I recently had the opportunity to interview our new volunteer in the Omaha office, Portia Harrell. During Portia’s interview for the position, Pam asked her without knowing she had cancer, “Why do you think you would be good for this position?”. Portia responded with, “Because I want to be around something that I have gone through and I think that I can help others in the same situation as me.” Two days later Portia found out she got the position. This is Portia Harrell’s story.
Portia noticed a small lump on her chest in March 2008. She went to her family doctor who prescribed her something to take for the swelling to go down, but after taking the medicine the lump only got bigger. Without insurance an MRI was not possible so she tried to apply for an insurance help program and after being denied twice she left it at that.
January 16, 2009 changed Portia Harrell’s life forever. Just 22 years old Portia was diagnosed with stage two Nodular Sclerosing Type Hodgkin’s Lymphoma. Nodular Sclerosing Type Hodgkin’s Lymphoma is a genetic cancer only among siblings. Portia’s older brother was also diagnosed with the same cancer back in 2006.
In the early hours of the morning on January 16, Portia was brought to the hospital after getting into a car accident. Instead of finding any broken bones, the doctors found cancer. The lump on her chest was in fact cancer and not just a bump like her family doctor thought it was all along.
“I was in complete shock and my heart broken when the doctors said those three words ‘You have cancer,’” Harrell said with tears in her eyes. “I am only 22 years old, how could this happen to me?”
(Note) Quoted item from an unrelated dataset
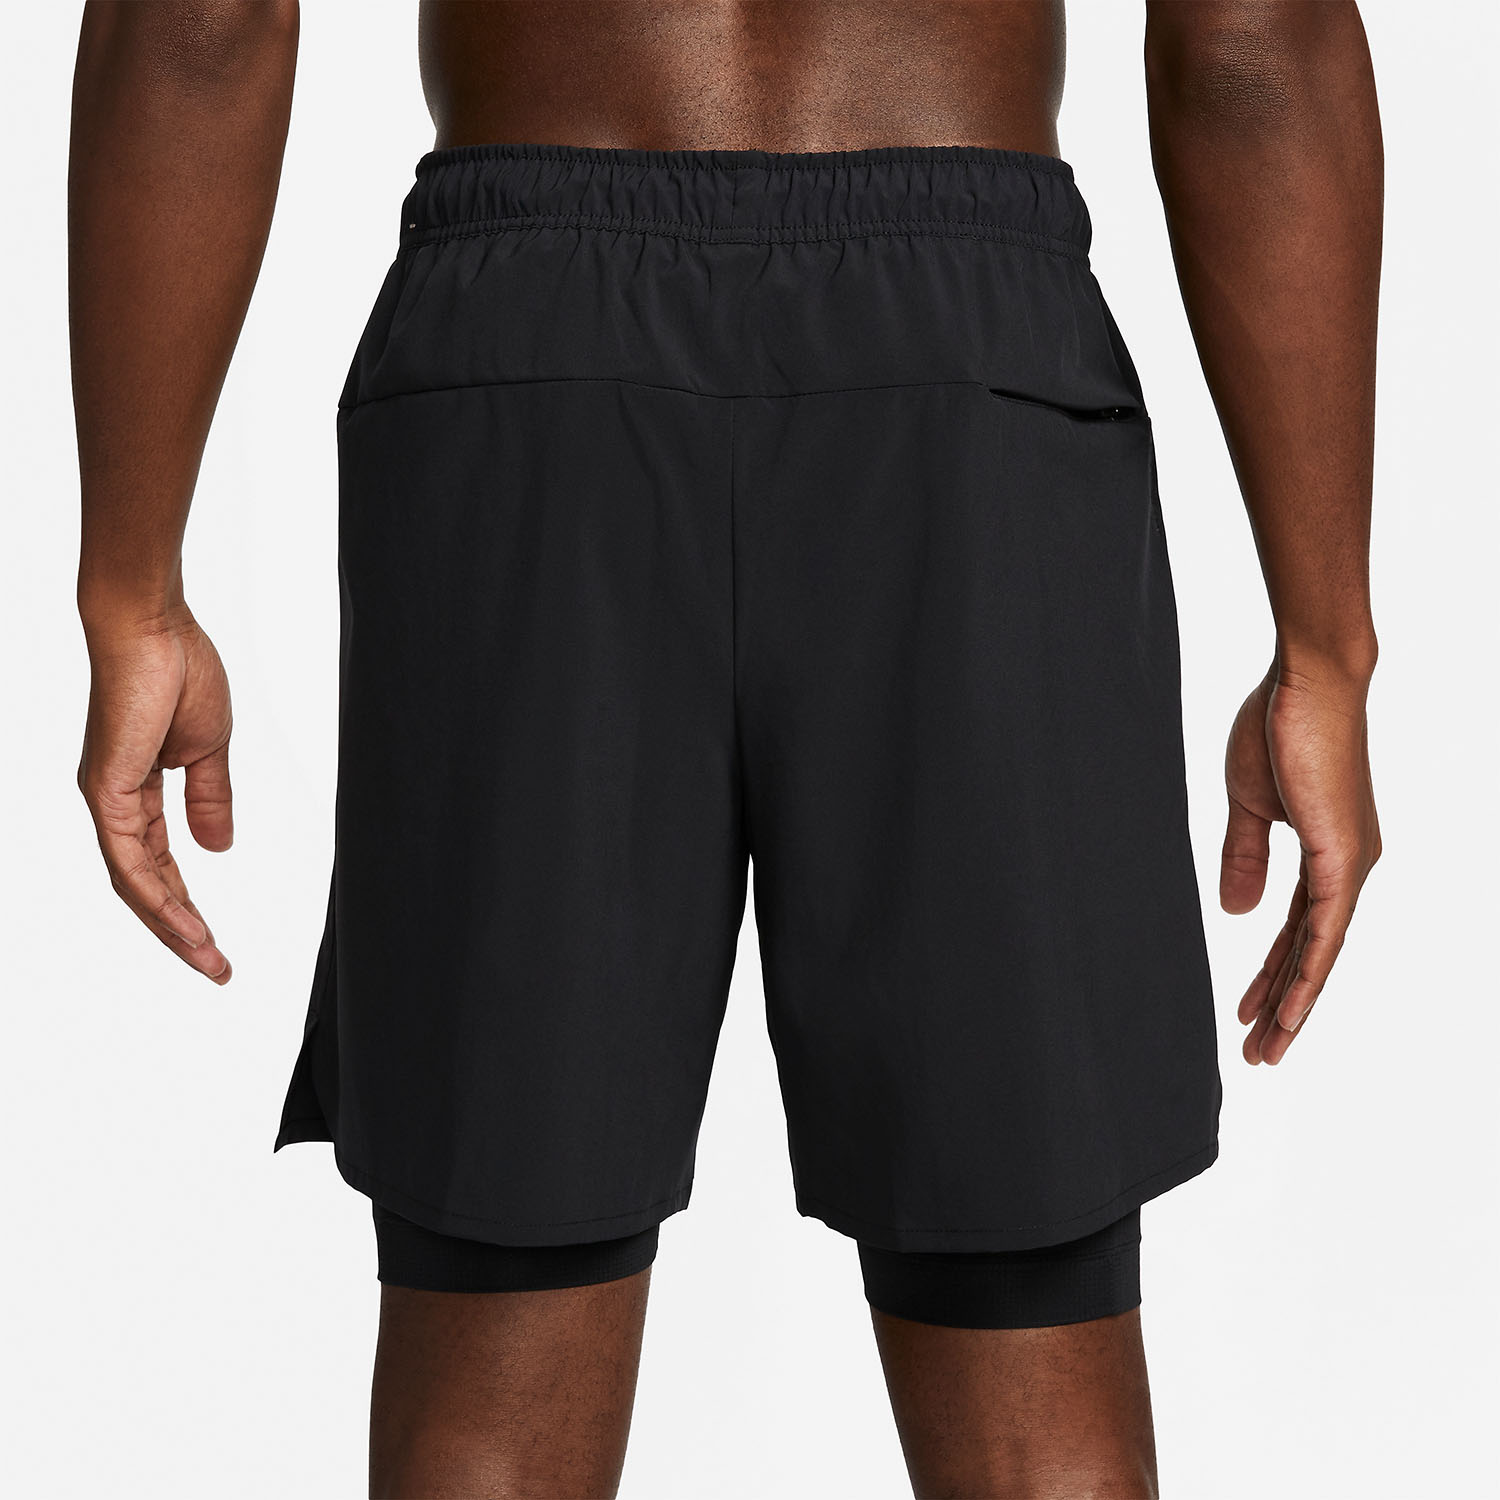 Nike Dri-FIT Unlined 2 in 1 7in Men's Training Shorts - Black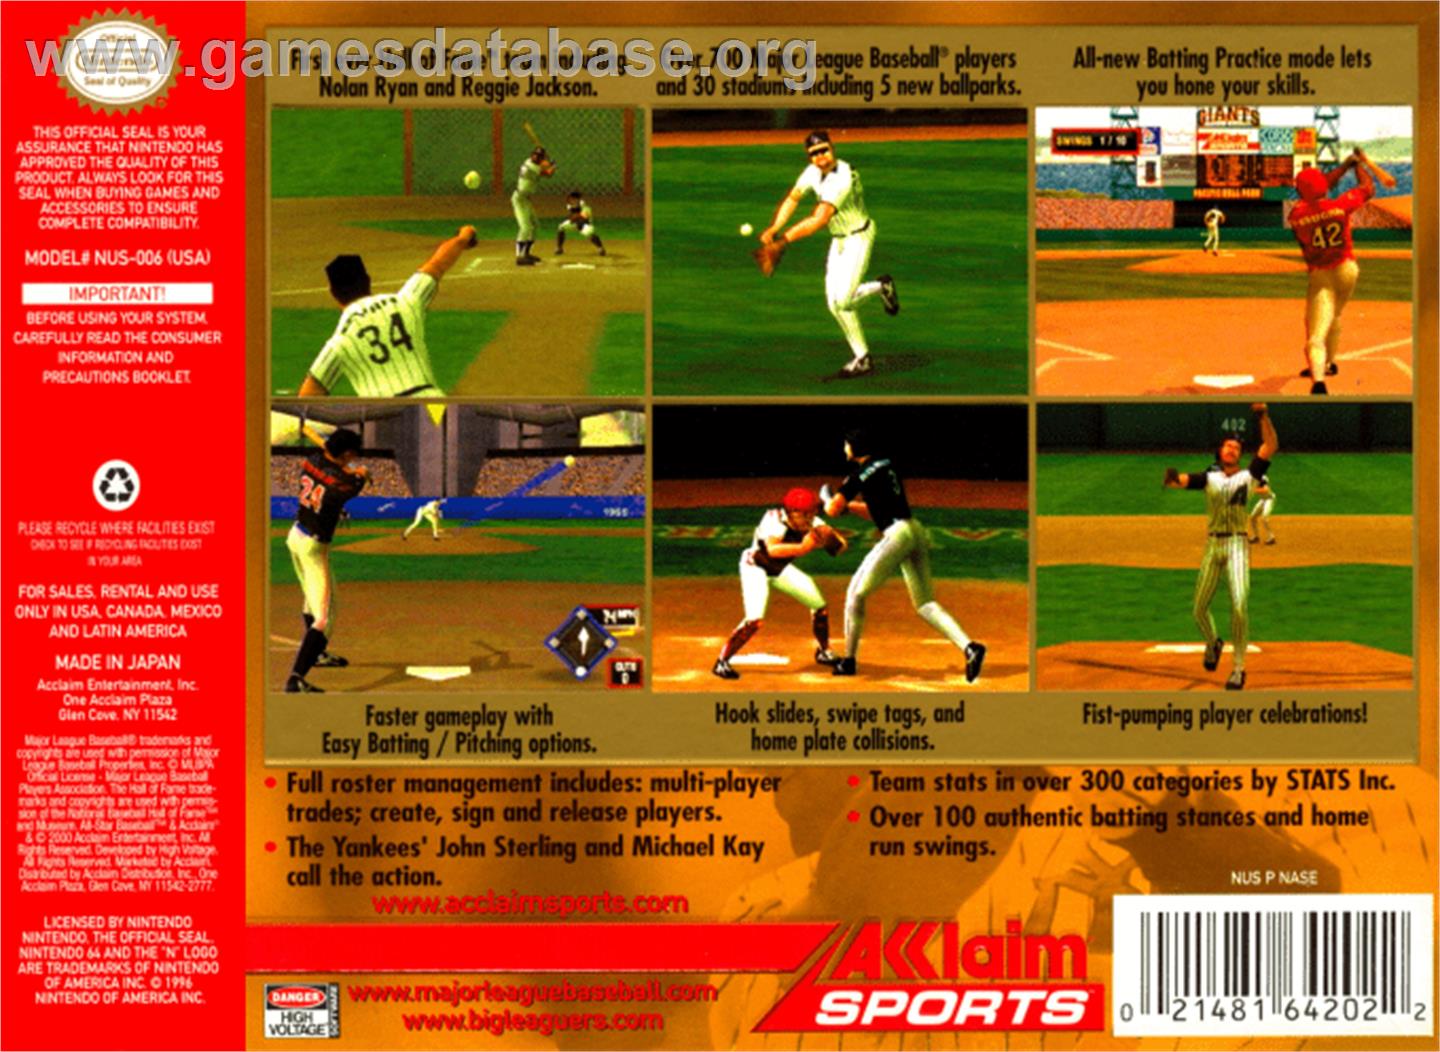 All-Star Baseball 2001 - Nintendo N64 - Artwork - Box Back

After more tests were done, the doctors then filled Portia’s ears with tons of options to treat her type of cancer. The decision was made to start with 13 cycles of chemotherapy. She then spent 25 days in the hospital and in that time she began to fall in love with the nursing staff.
“The nurses at Creighton University Hospital really helped me through all my treatments even when it made me so sick I wanted to give up,” Harrell told me. “They even called me Princess Portia.”
Portia went to chemotherapy every other Thursday starting less than a week after her diagnosis. Each chemotherapy session lasted four hours. With Chemotherapy comes hair loss, yet another downside to finding out you have cancer. After the first chemo treatment Portia’s hair began to fall out strand after strand. Fearing that everyone would know she had cancer Portia set out to find a wig.
She did some research on her own and found that the American Cancer Society had free wigs for cancer patients. Not wanting to go to the American Cancer Society, she went to a local wig shop. Most people do not know how expensive a wig can be and neither did I until I met Portia. The first wigs Portia looked at started at $150. These wigs are ones you cannot style or wash so what’s the point of spending that much money on something you can only wear a few times. The lady working then directed Portia back to the American Cancer Society. It was fate. She got her first wig from the very office she now works in.
“I wore that wig a long time actually,” Harrell told me. “It was synthetic hair so it stays shiny, I needed something I could switch up.”
Prior to Portia’s diagnosis she attended cosmetology school at LaRose Beauty Academy so she was very familiar with working with hair. She decided to make her own wigs. For her this became a hobby. She has made about 40 wigs since she started chemotherapy in January.
“I’ve learn to put my hair on without looking in the mirror. If I see myself without hair it will ruin my entire day,” Harrell told me, “even if its messed up, I will fix it once I have it on.”
Even though Portia found a way to keep her mind off the fact she has cancer, she still faces many struggles each day.
Fighting back the tears once again Portia tells me, “The doctors said I will never be able to have kids because of all the chemotherapy I’ve had to do. I am only 22 years old and I feel as if my life stopped and started going in slow motion when I found out I had cancer.”
Portia completed her last cycle of chemotherapy on July 9, 2009. Now Portia must wait until the chemo runs its course. Then she will go through a series of tests to see if more treatment is necessary. In the meantime she will be trying to help others dealing with the same stuff while working for the American Cancer Society.
“I was very excited to have made it all the way through chemo. I tried everything to get out of it. I have my mother to thank. She is the one that stuck by me more than anyone else. She was there through all the nights I couldn’t sleep, through all the crying and all the pain. I love my mom,” Harrell said with a smile on her face.